Encourage good behavior with a homemade puzzle

Another hack-tastic reward system! The beauty of this system is that the reward itself acts as a reminder about the desired behavior. From Sarah:

My 7 year-old son can be particularly stubborn and no matter how much we beg, plead, or reason with him, he stands his ground. Sometimes I resort to bribery. He likes puzzles so I came up with puzzles to help him do certain things.  It started the summer before Kindergarten — he already knew how to tie his shoes, but claimed that he “forgot” how over the summer since he wore sandals all summer.  So I found a pair of running shoes that he wanted online (I used Zappos.com) and printed out two full-sized  pictures.  One was in color and the other black and white.  I then decided that I wanted him to tie his shoes for two weeks on his own before I would buy him the shoes he wanted so I cut the colored picture into the appropriate number of “puzzle” pieces.  Then every time he tied his shoes on his own he earned one piece that he could tape onto the black and white picture in the correct spot.  When the puzzle was complete we ordered him his shoes.

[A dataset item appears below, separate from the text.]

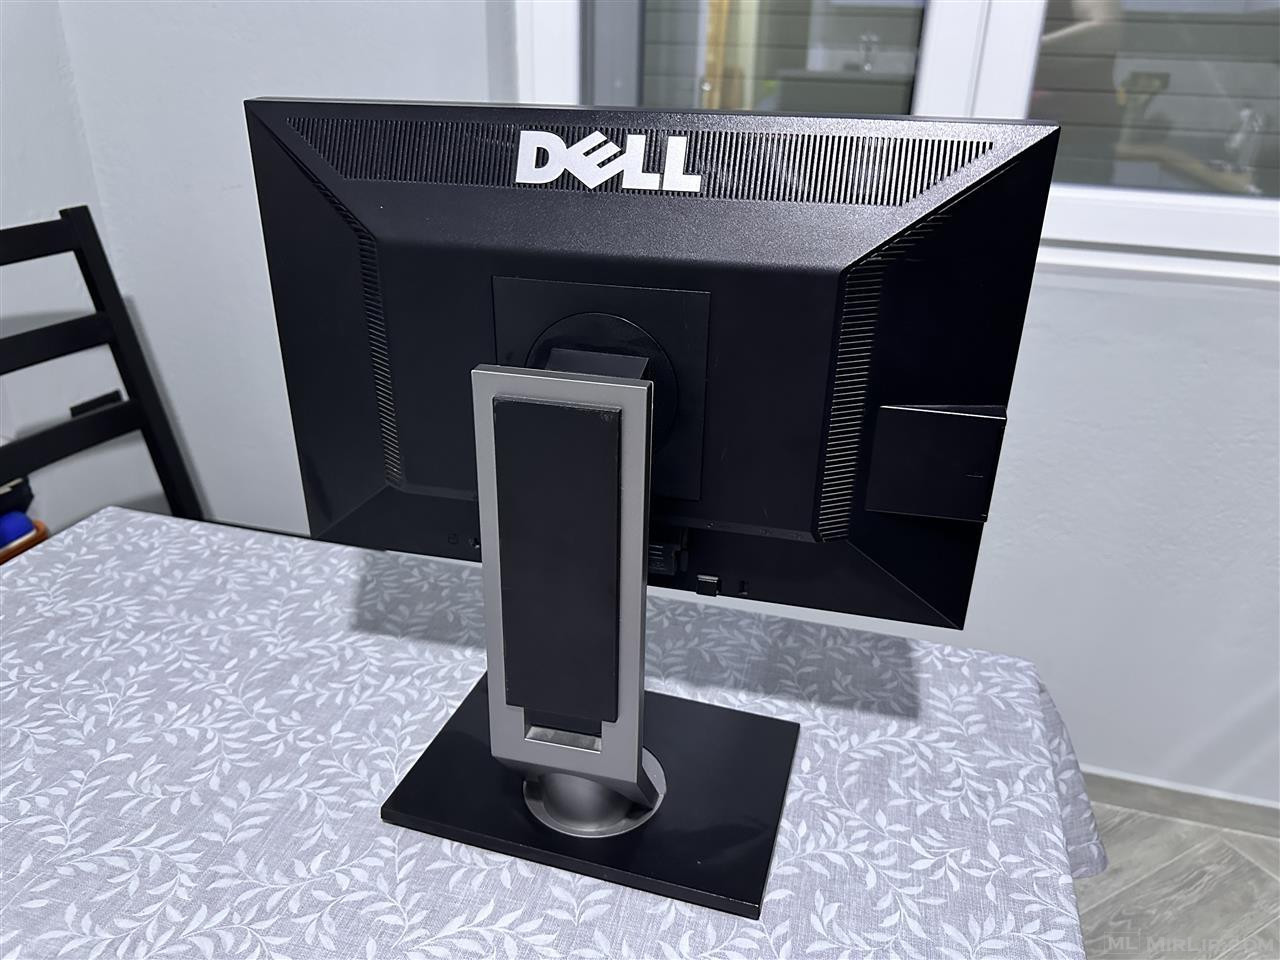 Monitor Dell Ultrasharp 19”

The puzzle also worked in getting rid of a nasty nose rubbing habit that was making his face raw (I made a giant nose puzzle and he earned a Star Wars DVD).  Next we are thinking of a finger puzzle to see if we can tackle nail-biting.

Related: Toilet training rewards that don't involve candy
Reusable reward systems


  1. Linda says

    wow…I LIKE that idea! We tried a “rewards chart” but it didn’t really work for my dd (who is in kindergarten). I think I will do that with my daughter…maybe we can cure her backtalk that way.

  2. jessie says

    if you can think of any good puzzle ideas for curing backtalking, please inform us! i expected an attitude from my dd at 13 but not at this age!!!

  3. Jill says

    @Jessie: The image is irrelevant really. Pick something appealing to her and then start noticing when she doesn’t talk back. That’s actually the hardest part. As soon as you start pointing out how much you enjoy her cooperation you may get improvement. I too have a backtalking kindergartener. We started by simply pulling him aside one day and telling him that we would snap our fingers when he needed a “do-over” for his reaction to us. It helped…some. I’m trying to point out the times that he does a good job, but I may try a reward system (as soon as the getting dressed promptly chart is complete!)